You can listen to it the way her audiences did; just turn it on in your living room. She preferred playing to small groups. Close your eyes and imagine her fingers dancing over the keys, while Johannes Brahms sits in the corner, slyly smiling.
wikipedia |
wikipedia |
Did you know he was such a good looking young man?
Neither did I. I'd only seen the scary old man pictures.
Tannis Gibson, Dean of the College of Fine Arts at the UofA, showed me a side of the composer hitherto unknown and unconsidered. She talked to us about the interpersonal and the technical, the instruments and the times, the performances and her own experiences.
It was a magical month.
She shared her favorite performers, and sometimes I recognized the music:
Listen past the scratchiness; it's from 1938.
Imagine the fingers floating.
They were all there, those who turned the world of Classical music in a new direction.
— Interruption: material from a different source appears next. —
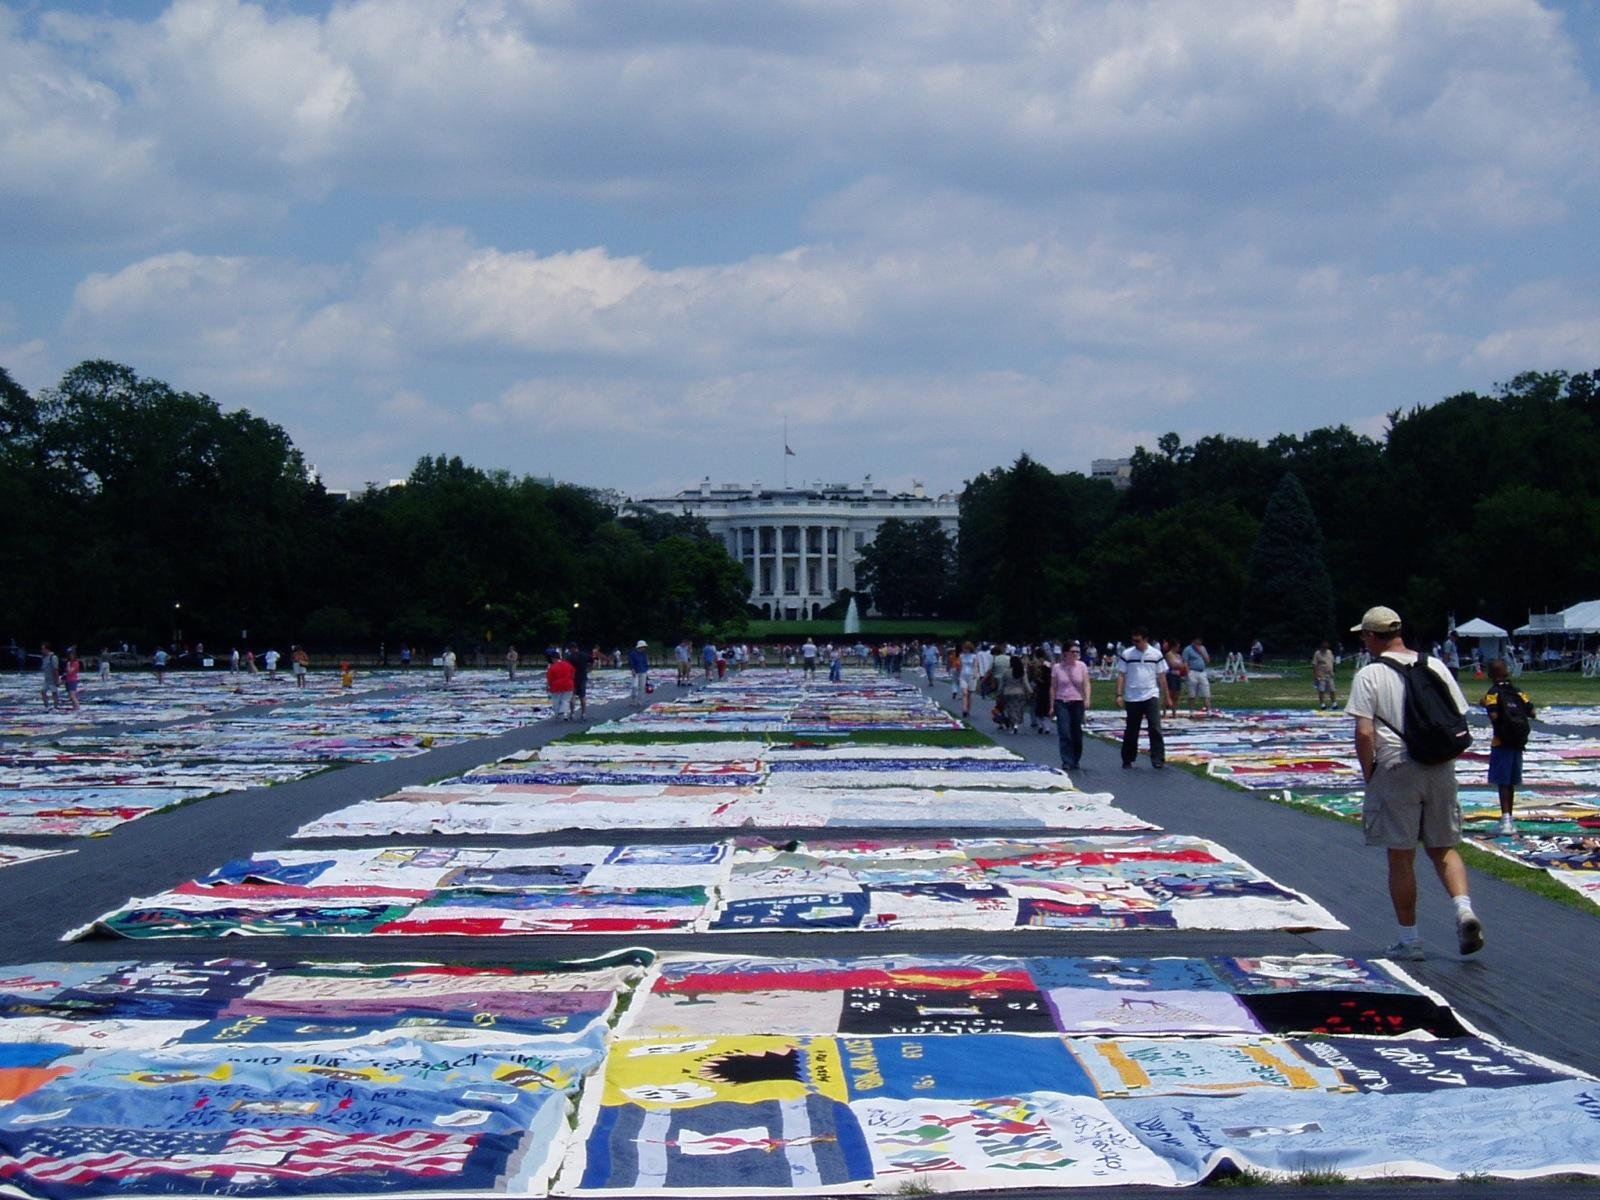 AIDS Quilt di fronte alla Casa Bianca. Credit: Scott Chacon / Flickr. Licenza: CC BY-SA 2.0.

Chopin and Brahms, the Schumanns and Liszt, Felix Mendelsohn and Fanny Hensel ... what, you haven't heard of Fanny Hensel?
Don't be surprised, we talked a lot about the treatment of women, too. At the same time that women abolitionists here in the USofA were told to stay off the main stage, were told that females speaking in public was inappropriate, so in Europe were these talented women relegated to smaller, more intimate, more appropriate venues.
It was a month long immersion in a world I rarely visit. Thankfully, I have a list of suggested listenings (of which these are just a few) to keep me company until my next journey into the unknown. I'm definitely an old dog learning new tricks.